Managing Heterogeneity in Highly Distributed Stream, Cloud, and Sensor Systems
With the advent of low-cost wireless sensing devices, it is predicted that the world will quickly move to one in which many environments are instrumented for reasons of security, scientific monitoring, environmental control, entertainment, etc. There are many fundamental questions about how to develop applications in this emerging sensor network world. Perhaps the most important are how to support rich, complex applications that may have confidentiality requirements, heterogeneous types of sensors, different connectivity levels, and timing constraints. The Aspen (Abstract Sensor Programming Environment) project focuses on the challenges in developing a programming environment and runtime system for this style of environment.
We are investigating a number of complementary topics and ideas:
- Complex analysis in a cluster/cloud setting: Many sensor and stream data items need complex analysis. Building upon ideas from MapReduce and from our ORCHESTRA distributed query engine, we are developing new techniques for supporting cluster computation with incremental updates over recursive operations (e.g., PageRank, optimization).
- Distributed coordination and control: Many complex computations need to be continuously rebalanced, redistributed, and replanned based on monitored activity — this is a form of adaptive processing. We are developing new declarative techniques to address these problems.
- New programming model: We are building upon a declarative style of programming to develop a new language, group-based programming, for complex sensor applications. The goal is to combine compositional, database-style declarative computation with constraints on timing, security, distribution, and actuation in a seamless way. This work is funded by NSF CNS-0721541.
- Security and privacy: We have studied how sensor network application security is affected by node-level compromise. We are developing further language constructs for specifying encryption levels and other properties for data along certain channels.
- Runtime monitoring and checking: We seek to develop techniques for monitoring performance and triggering events in response to constraint violations. This work is funded by NSF CNS-0721541.
- Home health care and hospital applications: We hope to develop a number of applications useful in home hospice and hospital care, which monitor patients and also connect patients with the care they need. This work is funded by NSF CNS-0721541.

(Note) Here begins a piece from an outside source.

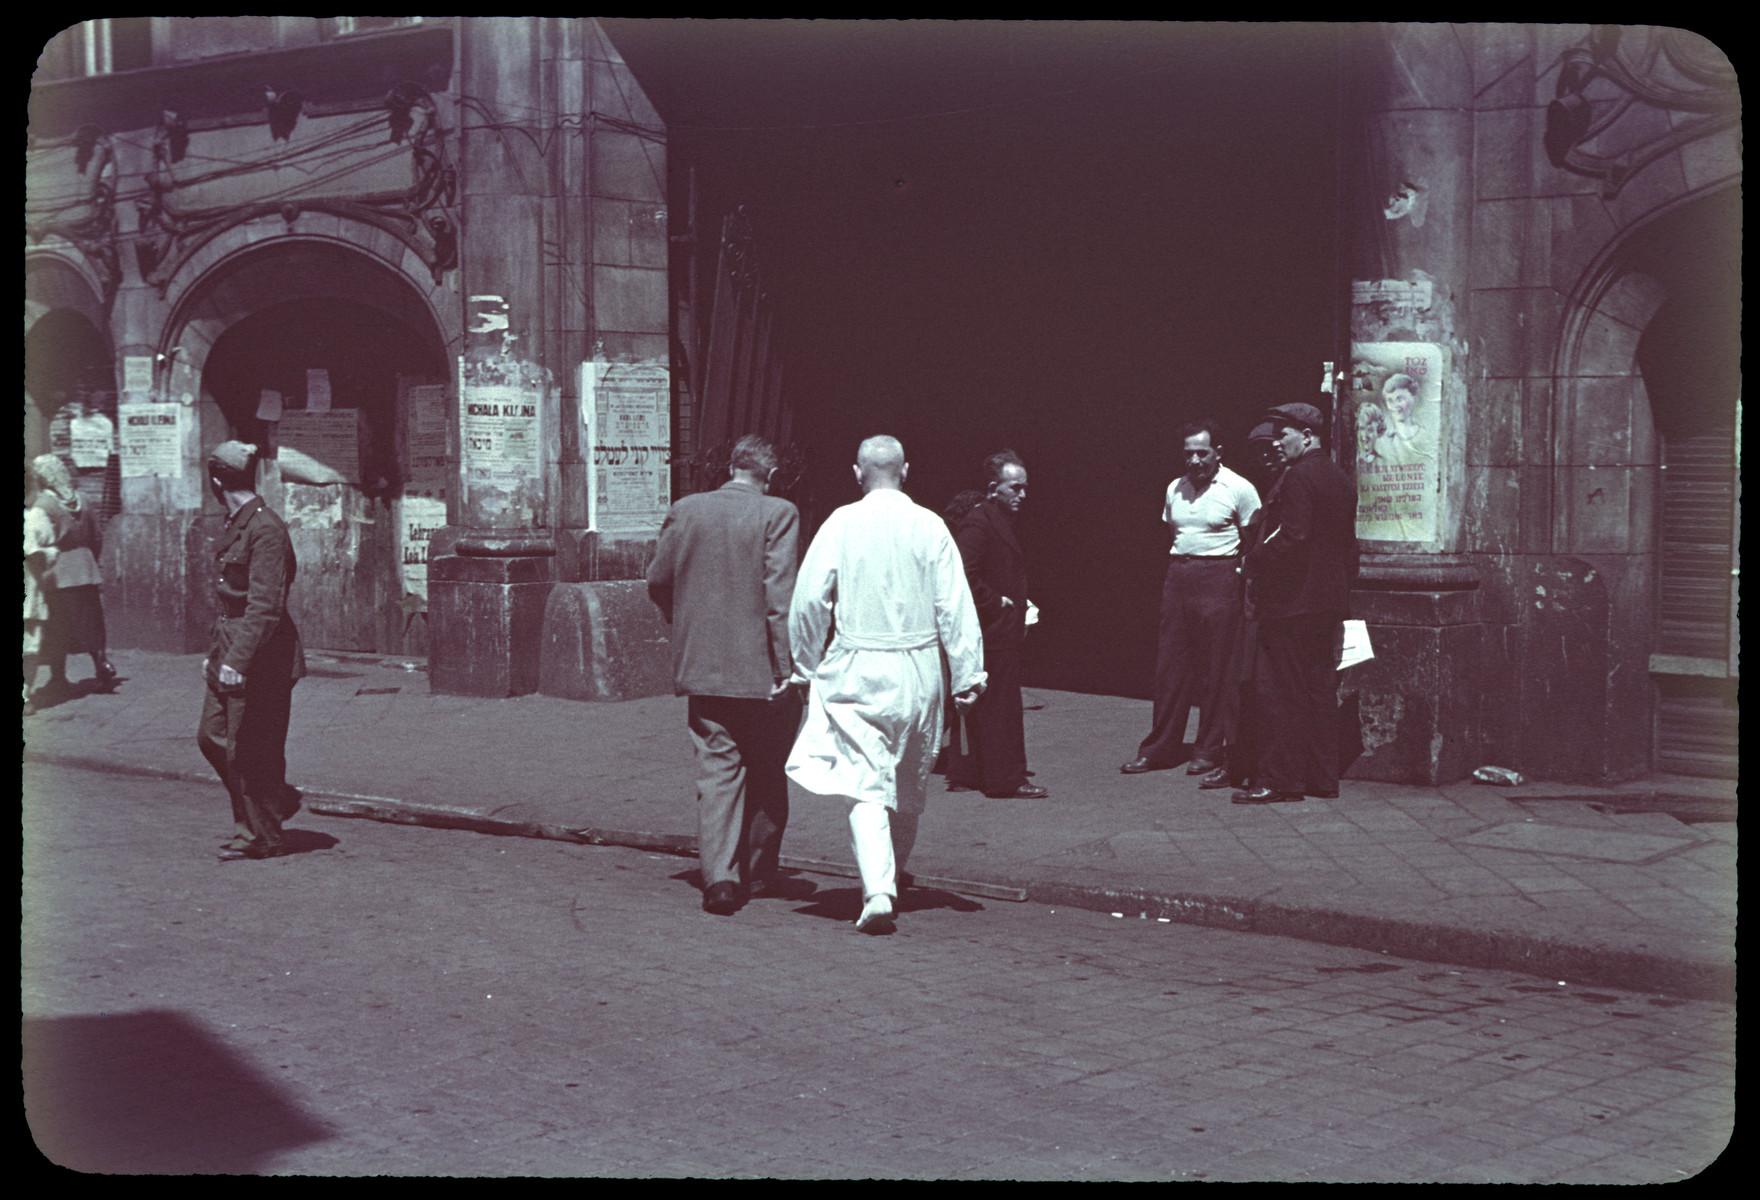 Street scene in postwar Lodz.

- Declarative information integration and query optimization: The core programming model is based on database query languages. We are developing techniques for supporting schema mappings over streams, distributed in-network join computation, and recursive queries for regions. Importantly, we are developing techniques for performing distributed, decentralized optimization of such computations. This work is funded by NSF IIS-0713267.
- Stream algorithms: In a distributed setting, many nodes have limited resources and must use approximate algorithms to make decisions and capture synopses of system activity. This work is funded by NSF IIS-0713267.
- Interfacing to Java code: Many real control systems require Java, C, or other procedural code for sophisticated sensor data processing or decision-making. This work is funded by Lockheed Martin.
- Declarative monitoring and re-optimization: We seek to build a declarative infrastructure for monitoring distributed query execution status, plus adaptive re-optimization, using declarative techniques. This work is funded by Lockheed Martin.